Advice needed/Expense ratio dilema

tsturbo

Recycles dryer sheets
Joined
Jun 21, 2008
Messages
85
Long story short, I am trying to keep my expense ratios as low as possible. In my Companys 401K I am invested in the following:
VG Total stock market index @ .02% ER
VG Total Bond Index Institutional @ .07 ER
VG STAR International Index @ .32 ER

Very pleased with these low expense ratio's.

My wifes Company does not offer any VG funds and the funds they do offer have very high expense ratios. The only two I am considering are the Blackrock Lifepath fund (Target retirement fund) with an expense ratio of .65 expense ratio or an S&P Index fund at .25 expense ratio.

I basically have two options in her account. #1 Buy the Blackrock Lifepath with .65 ER OR #2 Buy the S&P with .25 ER.

Now, my questions...If I go with Option #2, I gain a lower ER, but, in order to maintain the AA in our combined investing strategy, I would have to reduce the contribution I am making in my account on the VG Total Stock index fund as a large % of equities would be bought through her account with the S&P index fund at .25 ER. I compared the VG Tot Stock fund to the S&P and the Tot Stock fund perfomed better by about $1,000 better on an investment of 10K.

Should I expose myself to the S&P fund and less VG Tot stock mkt exposure (Lower ER @.25) OR keep her in the Blackrock lifepath fund (higher ER @.65) but this allows me to keep investing more in the VG Tot stock fund.

I guess bottem line is this: Would you buy the S&P index over the VG Tot stock fund, get a little less performance but a lower ER or just suck it up and buy the Blackrock at .65 ER?

Thanks
 
Don't over think this. The best option in your wifes plan is the S&P500 fund so use it. The fact that the S&P500 index lagged the VG total market is past performance. Ignore it.

DD
 
Long story short, I am trying to keep my expense ratios as low as possible.
Definite paralysis by analysis. If this is the biggest problem you have in your 401(k)s and your asset allocation...

I compared the VG Tot Stock fund to the S&P and the Tot Stock fund perfomed better by about $1,000 better on an investment of 10K.
You don't mention the length of this period, but recency and volatility/risk differences may make the comparison irrelevant.

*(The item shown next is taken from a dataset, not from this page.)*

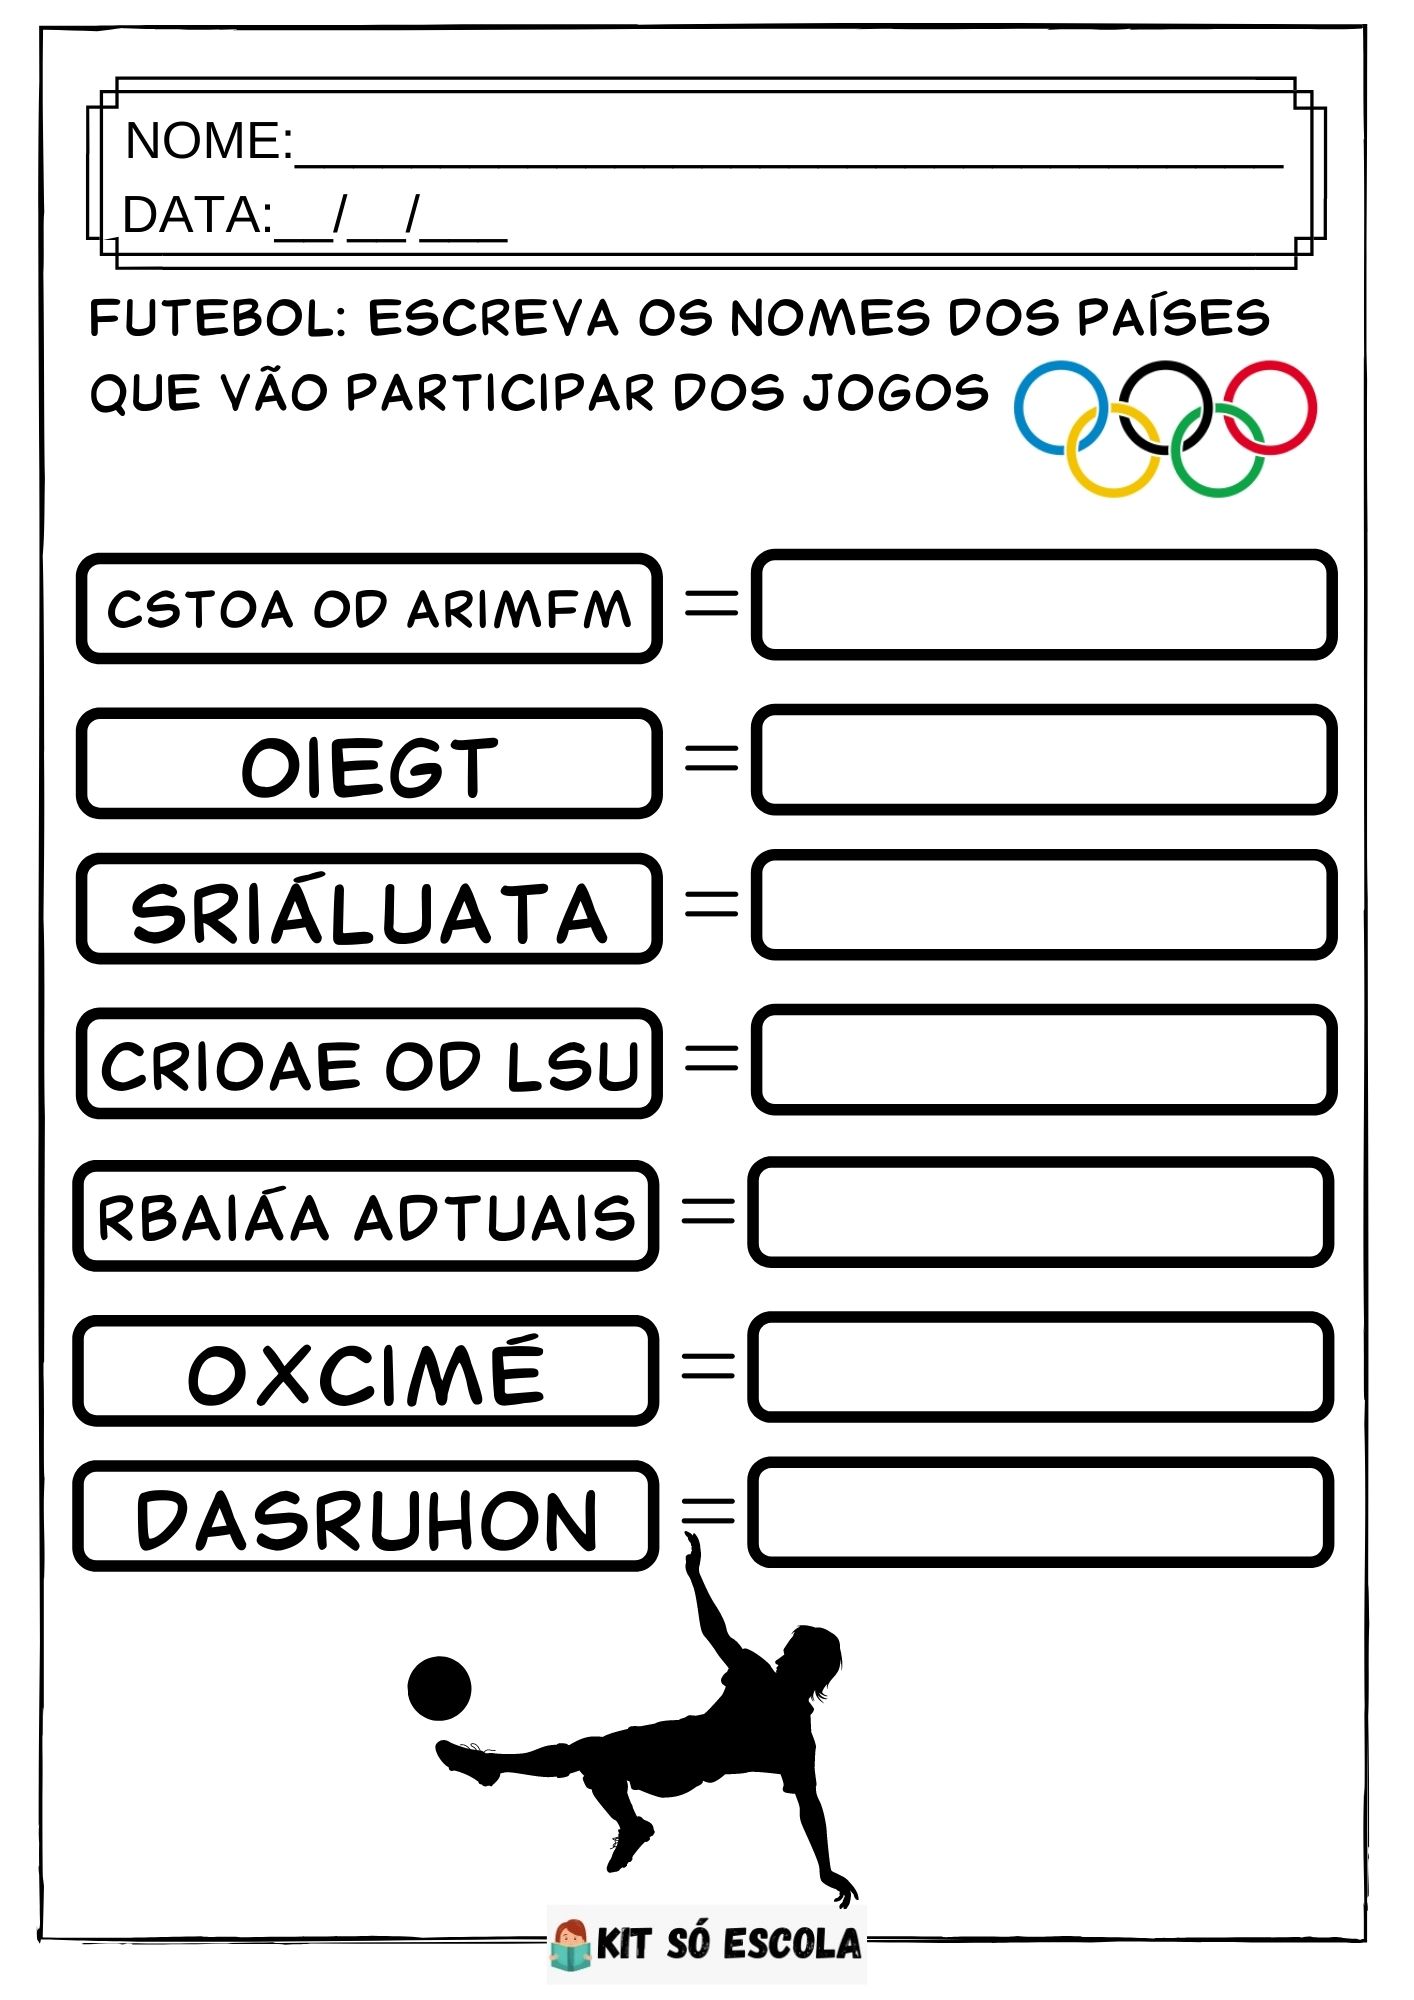 Jogos Olímpicos - Textos Informativos Para Imprimir — SÓ ESCOLA

About the only relevant performance period would be the length of time that your spouse is going to keep contributing to it, and just for the match. As soon as she's no longer able to contribute to that 401(k) then you'd presumably roll it over to a Vanguard IRA and go for their cheaper expense ratios. So you may not have to put up with this for too many more years.

I guess bottem line is this: Would you buy the S&P index over the VG Tot stock fund, get a little less performance but a lower ER or just suck it up and buy the Blackrock at .65 ER?
Unless you can control the performance of the fund, then you're gonna have to go with the aspect of the 401(k) that you can control-- the expense ratio. I'd contribute what you need for the max match and then devote the rest of your asset allocation to other accounts (presumably with lower expense ratios).